Bernd Eichinger, 1949 - 2011

David Hudson

Bernd Eichinger, the German producer of Oscar-nominated films including Downfall and The Baader Meinhof Complex, died suddenly of a heart attack yesterday at his home in Los Angeles." Scott Roxborough in the Hollywood Reporter: "The 61-year-old producer, whose credits also include The Name of the Rose, Perfume: The Story of a Murder and The Fantastic Four, died during a dinner Monday night with family and friends."

In 2009, Jahsonic put together a collection of clips and links. And back in 2008, Ambrose Heron spoke with Eichinger (in English) about The Baader Meinhof Complex, a conversation you can still listen to now. For those who read German, Spiegel Online has put together a collection of the pieces on Eichinger it's run over the years.

Update, 2/26: "With Bernd Eichinger we have lost a visionary producer and passionate cineaste. With his high level of creativity and energy he continually pushed the limits of the doable — and so repeatedly taught the film industry pragmatism and brought success. We feel great sorrow at his sudden death," says Berlinale Director Dieter Kosslick.

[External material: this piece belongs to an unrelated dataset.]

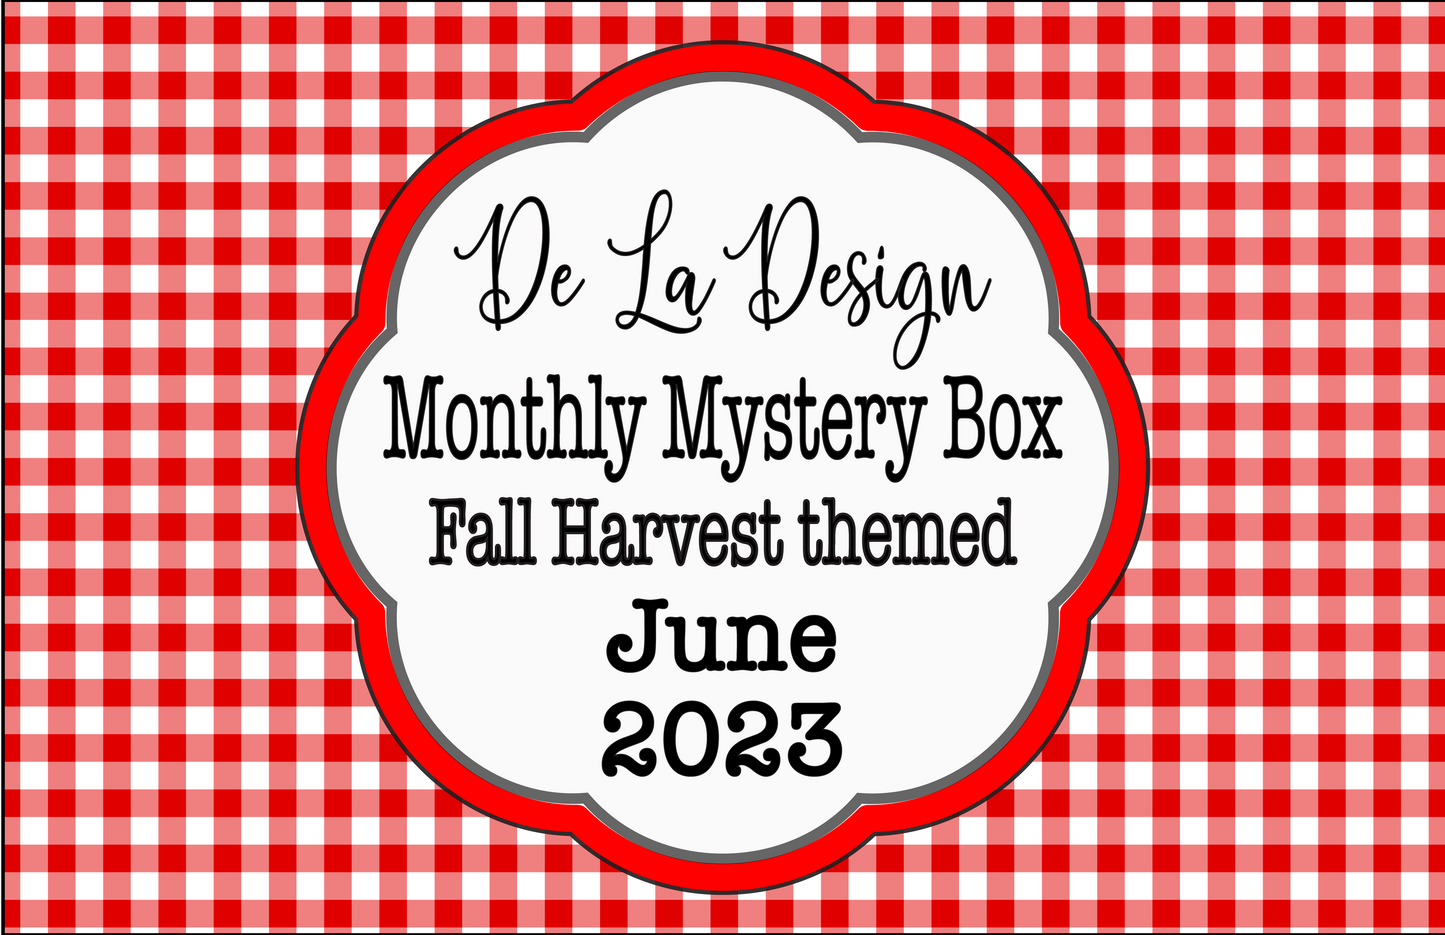 Monthly Mystery Box - June 2023 - Fall Harvest themed

Update, 1/27: "Eichinger was one of those guys who had an old-school, hands-on approach to producing, especially when it came to some of his pet projects," writes Bilge Ebiri. "With a filmography that includes Hans-Jurgen Syberberg's Hitler: A Film from Germany, Wim Wenders's Wrong Move, The Neverending Story, and the Resident Evil films, among many other lesser-known titles, his credits are a curious mix of acclaimed prestige epics, sleazy action franchises, and lots and lots of Europudding — a career of De Laurentiisian contrasts. He had started, interestingly enough, by trying to organize funding for works made by his film school classmates Wenders, Edgar Reitz, and Alexander Kluge. There’s a very nice Der Spiegel obituary here. Also, an interesting 2005 profile of him here."

Updates, 1/28: "Many critics, especially inside Germany, felt that any attempt to humanize Hitler was ill advised," writes Bruce Weber of Downfall in the New York Times. "'The lack of narrative position alone,' the filmmaker Wim Wenders wrote, escorts the audience 'into a black hole in which they are led, almost unnoticeably, toward looking at this time through the eyes of the perpetrators, and generates a kind of benevolent understanding of them.' … Mr Eichinger rejected such criticism… 'There is no such thing as telling the truth and not taking everything into consideration,' he said. 'Otherwise you are a Stalinist with one view of things. You burn what doesn't fit your position or put it into the archives because you want to show only bad and good. When I wrote this script, for me the important thing was to show the gray.'"

The Guardian's Andrew Pulver comments on a selection of clips.

Update, 1/31: "Eichinger dreamed of re-establishing the glory days of German cinema of the 1920s, when the world-renowned film company Ufa was both a commercial and artistic success," writes Ronald Bergan in the Guardian. "He believed that art without financial success, which attracted small audiences, was a wasted effort, despite critical acclaim. He realized his dream by becoming Germany's only true movie mogul, one of the few to achieve success both at home and abroad by breaking into Hollywood."